Marxist Stream Media in full meltdown as looks like the Hunter Biden Plea Deal is His-Straw
I found the initial exchange, upshot, and crawling back to the deal to be some interesting trial process drama, but it's done now.
Who in the media is really invested in Hunter Biden getting his plea deal?
Oh, it's Frank. Probably won't get a sincere response. I have him off mute because of Star Trek and have no regrets so far!
"Who in the media is really invested in Hunter Biden getting his plea deal?"
CBS, NBC, CNBC, MSNBC, ABC, NPR, CNN, WaPo, NYT.
None of them seem to be in 'full meltdown' over this plea deal story.
Need time to get their stories straight about rouge MAGA Trump appointed judge.
Is the rouge's color orange? Or red like the hats?
Dyslexia sucks.
I expect there's no space between "full meltdown" and "covering it up" to the rightwingers. Unsurprising to everyone else, news sources report on things that bring in readers/listeners/viewers.

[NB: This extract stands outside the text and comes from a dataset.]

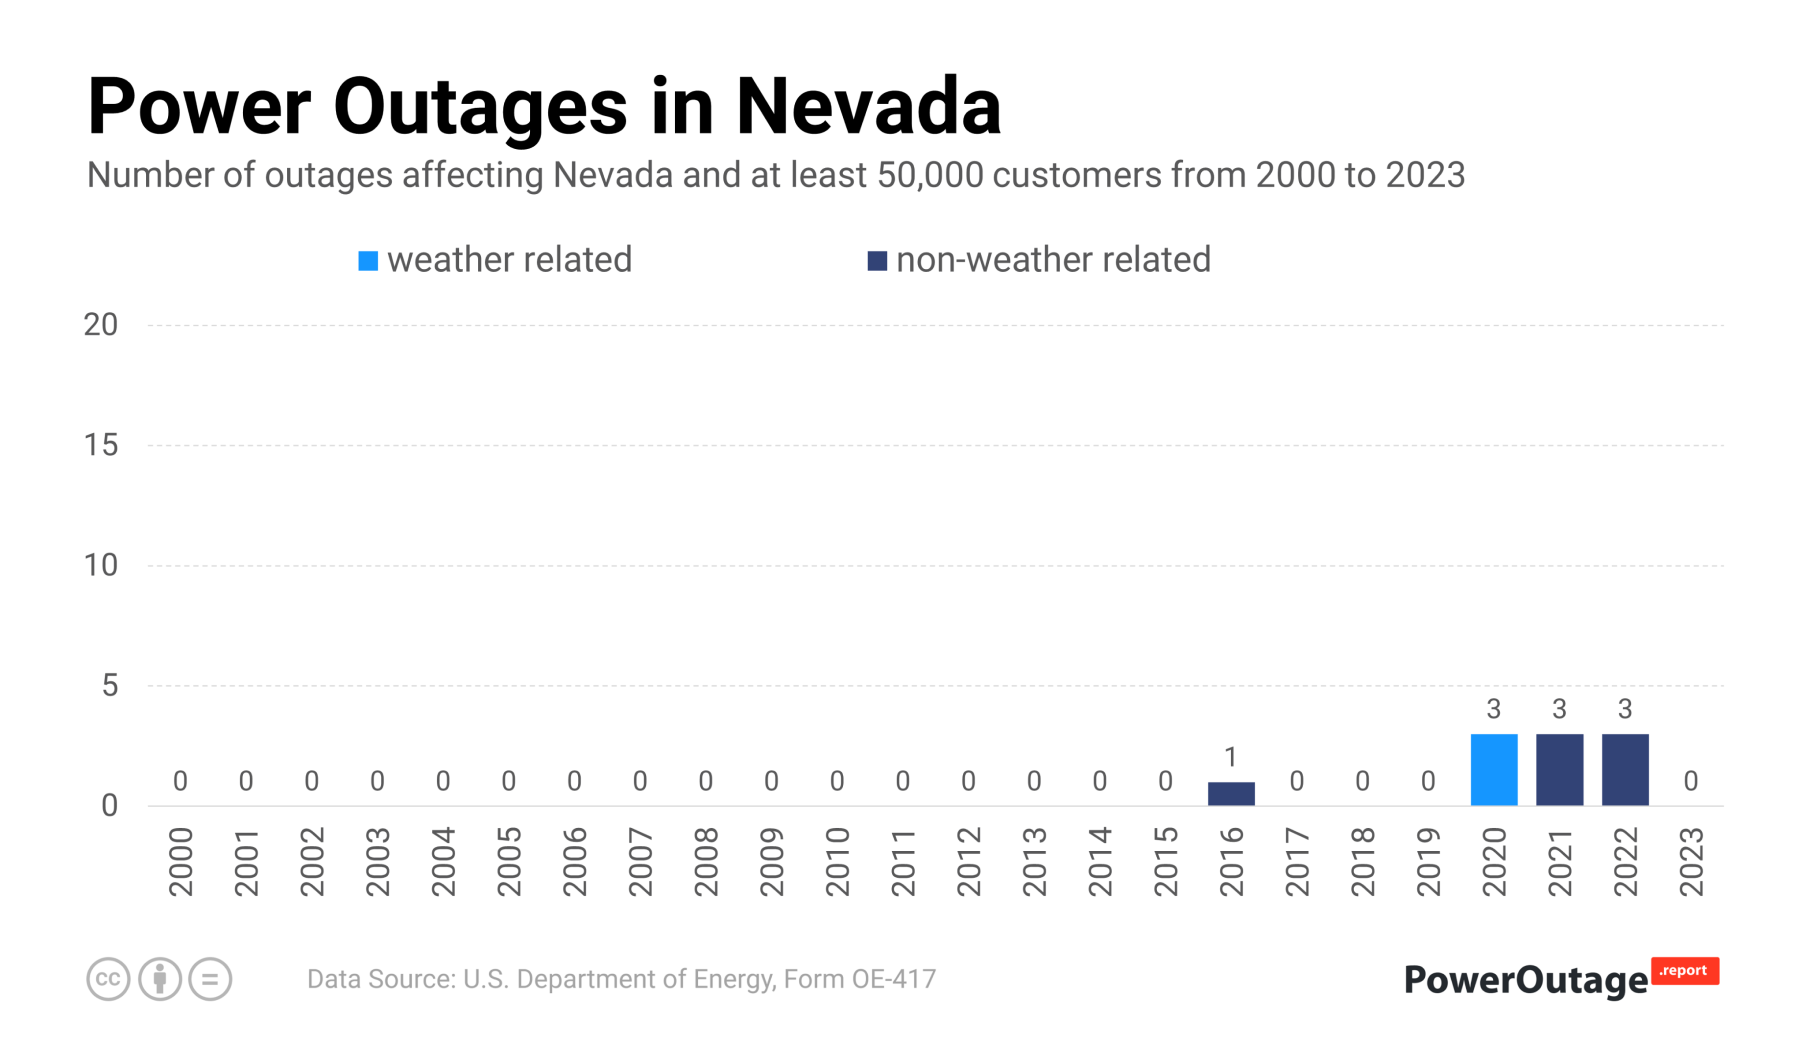 Nevada Power Outage Statistics (2000 - 2022)
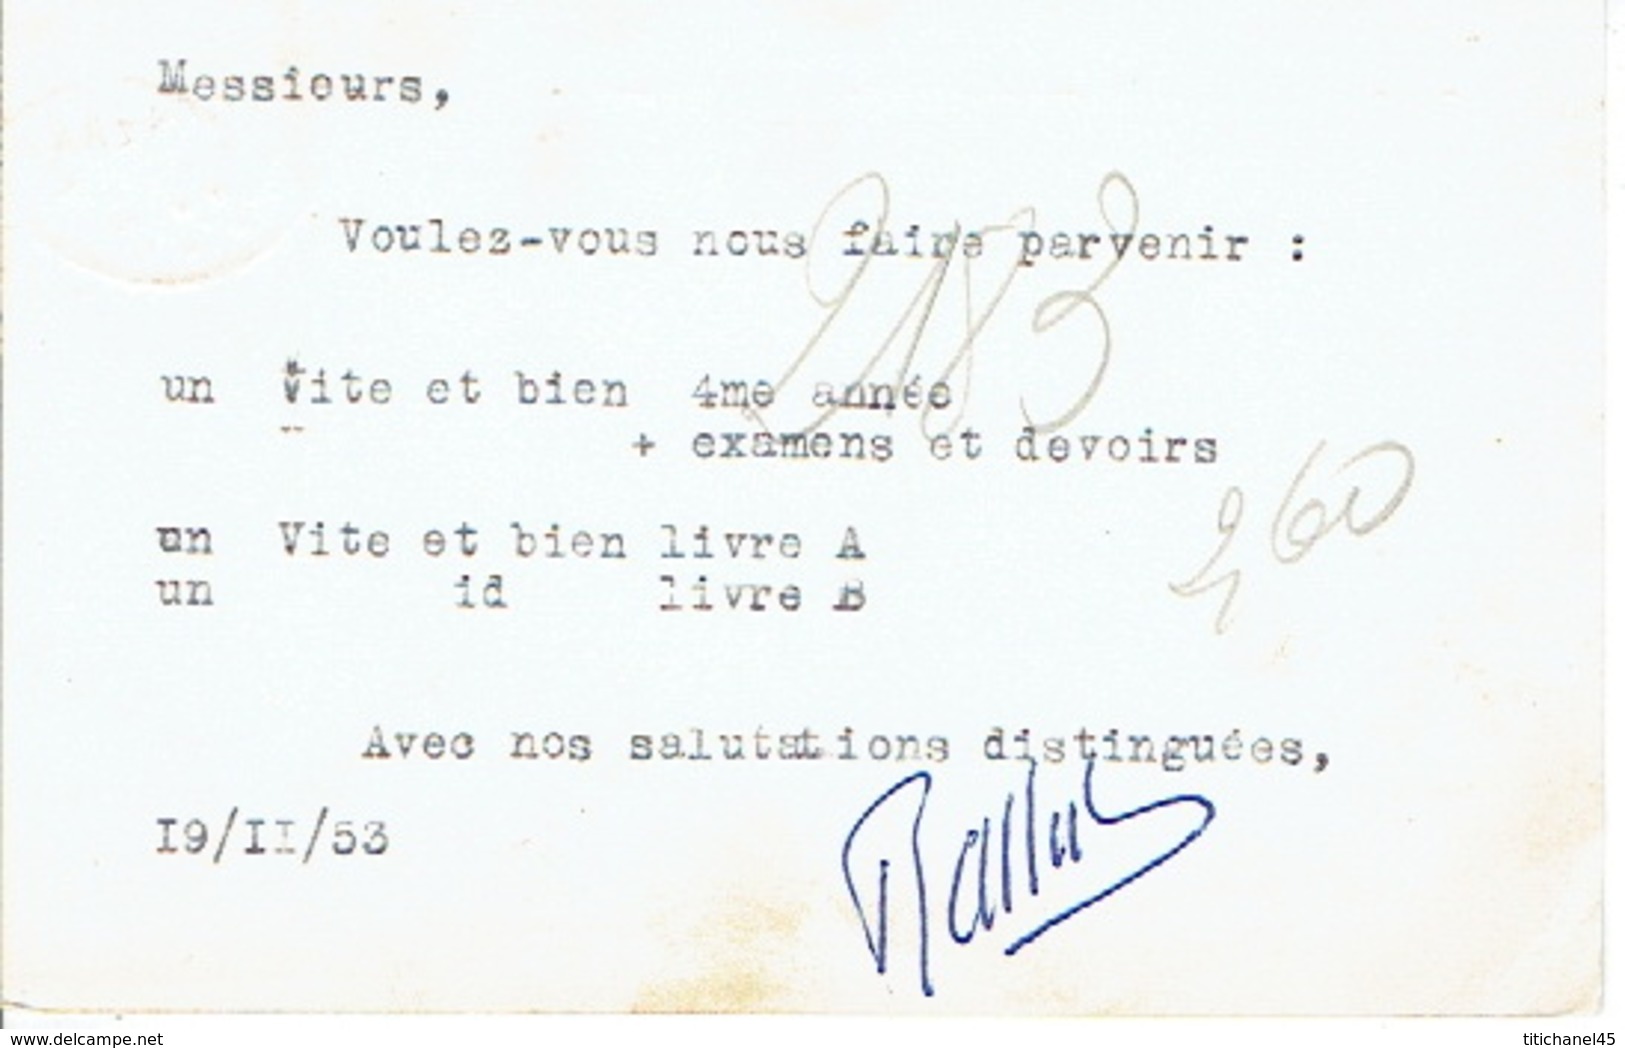 CP Publicitaire FELUY 1953 - LIBRAIRIE ABBEELS - Seneffe

Hey Sarc, do you have a spare Mnemonic Memory Circuit I can borrow?? Not having any luck making one with stone knives and bear skins.
Frank
Hah - good luck on that endeavor!
You're probably using a chert knife. Gotta use something like galena. Pretty much any subspecies of bear works, though.
“I found the initial exchange, upshot, and crawling back to the deal to be some interesting trial process drama, but it’s done now.”
By “crawling back to the deal”, you mean “pleading not guilty because the judge rejected the plea agreement”? I’m not sure how that qualifies as “crawling back to the deal”.
It’s not entirely clear to me what’s “done now”, either, as Hunter is, legally anyway, still facing a lot of potential charges, even if as a practical matter the fix is in.
Open thread ought to be fun.
Wonder how long before Hunter violate conditions of his release?
https://www.powerlineblog.com/ed-assets/2023/07/Screenshot-2023-07-26-at-5.39.04-PM.png
Is the income tax unconstitutional? You bet, Shiras!
Popular music was different, and better, in the ’60s and ’70s. In many ways, things are better today, but emphatically not in the context of music.